WordPress is one of several platforms used to develop websites. You may have heard of some others, ie Joomla, Drupal, Wix, Squarespace, etc.
WordPress is the most popular platform, with roughly one-third of all sites being currently built using it. It was first created in 2003, used primarily for blogging. It has since grown and is being used for many major sites, including Mercedes-Benz, The New Yorker, and The Walt Disney Company.
Note: There are two versions of WordPress available. There is self-hosted WordPress.org and WordPress.com. Future reference to WordPress will refer to WordPress.org. Unlike other website builders, WordPress.org requires a hosting account, but it gives you complete control on every aspect of your website.
I love WordPress and here are some reasons why.
WordPress is Easy to Use
While WordPress may look intimidating at first, it is pretty intuitive. It’s easy to add content, including images, with just a bit of training. The big advantage is that by doing simple updates yourself, you can save quite a bit of money over paying a web developer to make those changes.
Each person with access to the site can be assigned a username and password with varying levels of permission for making changes. There should never be more than two users with administrative privileges (you and your web developer). Others can have editor, author, contributor or subscriber privileges.
There are many tutorials available to help learn WordPress quickly. One that I love and offer to my clients is Video User Manuals.
Flexible and Customizable
You can change the appearance of your website using plugins, themes, add-ons and widgets. Most are free, but some of the best have a price tag.
- Themes control the overall look and feel of the site. They determine the colors, fonts, layout, etc. While there are thousands of free themes, I highly recommend using Genesis by Studiopress. They make child themes as well, but you can also find third party child themes that are compatible with Genesis. Their coding is excellent, which minimizes the risk of being hacked.

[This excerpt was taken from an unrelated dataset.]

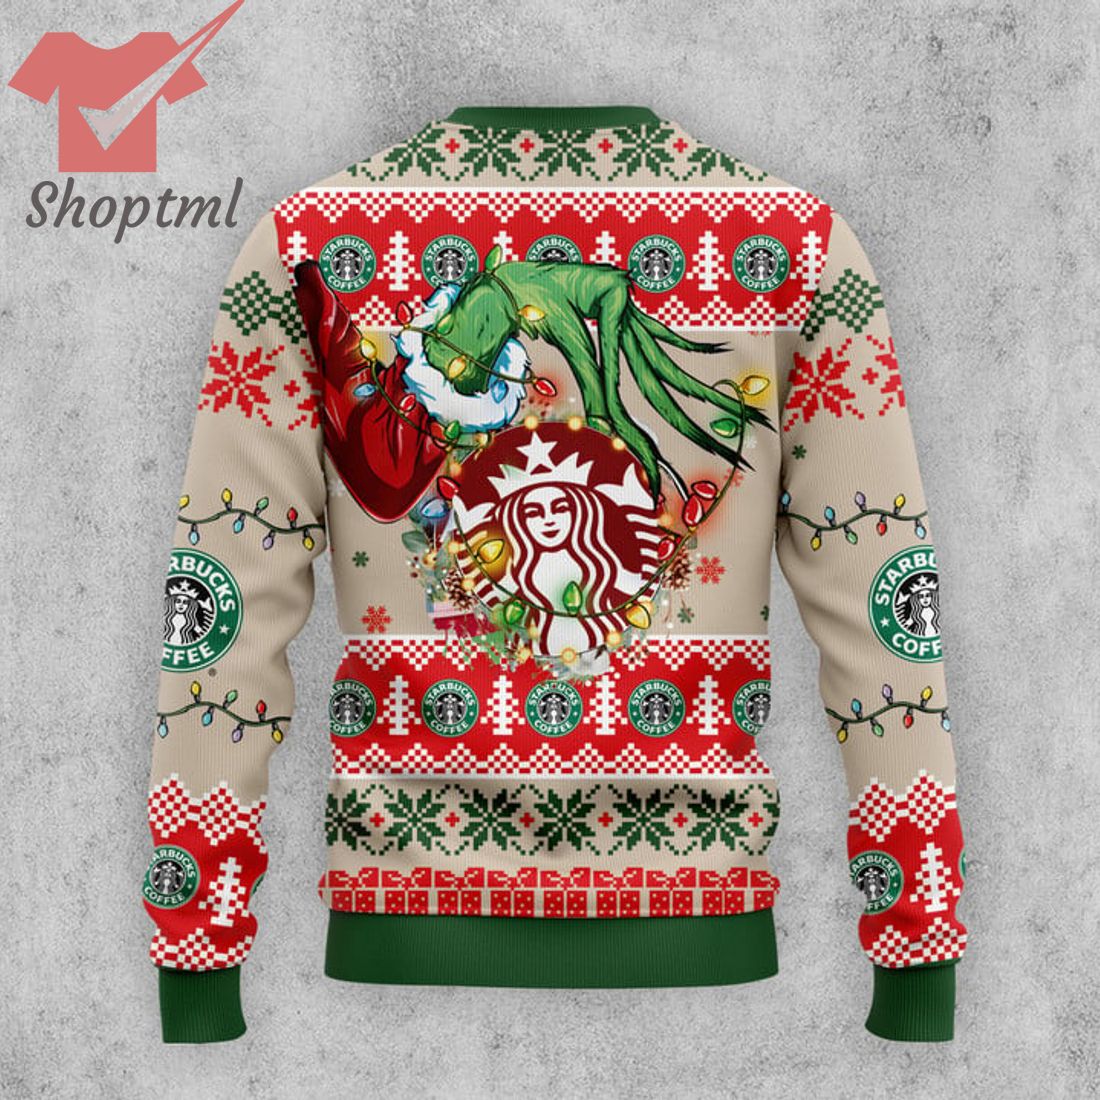 Starbucks x The Grinch Ugly Christmas Sweater

- Widgets perform specific functions, typically used in the sidebar or footer, but many themes use widgets in various sections of the page.
- Plugins add functionality. The WordPress repository includes over 55,000 plugins. You only need a handful for your website, but isn’t it nice to have options? The repository shows valuable information that help you decide which ones to use, including when the plugin was last updated, ranking by users, etc. Some of the ones I love are Yoast SEO, Smush, NextGen Gallery, BackupBuddy (Premium and therefore not found in the repository), and Google Analytics Dashboard for WP.
SEO stands for search engine optimization, which is the practice of increasing the quantity and quality of traffic to your website through organic search engine results. Think of organic as natural; it is anything you do to your website that helps direct traffic to your site.
Google and other search engines love WordPress because it is written using standard compliance high-quality code. This is why WordPress sites tend to rank higher than others in search engines. Simply put, WordPress code is easy for the search engines to read.
WordPress is very SEO-friendly out of the box. It supports the use of metadata, tags, categories, and SEO-friendly URLs. SEO plugins, such as Yoast SEO extend optimization beyond the basics. That language may be foreign to you, but keep posted and I will explain it all to you over time.
Searchability is important in order for your site to be found among thousands, or millions, of other businesses offering the same or similar products or services. Improving your WordPress SEO is crucial for getting more traffic to your website.
WordPress is Scalable
It can power both small and large websites. It’s the perfect choice for businesses that are just starting out; it allows your website to grow as your business grows.
It can be used as a simple blogging website using a built-in theme, or it can be scaled to deliver a sophisticated design with complex architecture for use by a global brand. Here are some of the different ways it can be used.
- Business websites
- Online stores
- Membership sites
- Selling online courses
WordPress is Secure (For the Most Part)
It is developed with security in mind, and it is considered to be a very safe and secure platform to run a website. But because WordPress is so popular, it is a target for hackers. It’s nothing personal, they look for easy targets, specifically plugins that are out of date.
It gets audited regularly by hundreds of developers. Plugins and themes get updated on a regular basis to stay in sync with WordPress. It’s just a matter of being diligent about installing the updates.
As a website owner, there’s a lot that you can do to improve your WordPress security, even if you’re not tech savvy. Most plugins updates address vulnerabilities, so by installing those updates as soon as they are available, you can minimize your risk of getting hacked. Always make sure to create a backup before doing so, in case there are any conflicts and you need to roll back to an earlier version.
Making regular backups and storing them off-site will get you back up and running quickly, should you get hacked despite your efforts.
If this all sounds scary, we offer a Peace of Mind Care Plan that updates plugins, themes, WordPress core, and makes regular backups that are stored off-site. Let us take care of your site so you can do what you do best, which is work your business.
Large and Supportive Community
There are plenty of great sources for WordPress advice, such as forums, blogs, tutorials, and Facebook groups. I have found the Genesis community to be of tremendous help as well.
The WordPress community also holds events, such as WordCamps, which allow you to meet and learn from fellow WordPress enthusiasts and experts.
Some areas offer Meetup groups that are specific to WordPress. Check to see if your area offers such a group.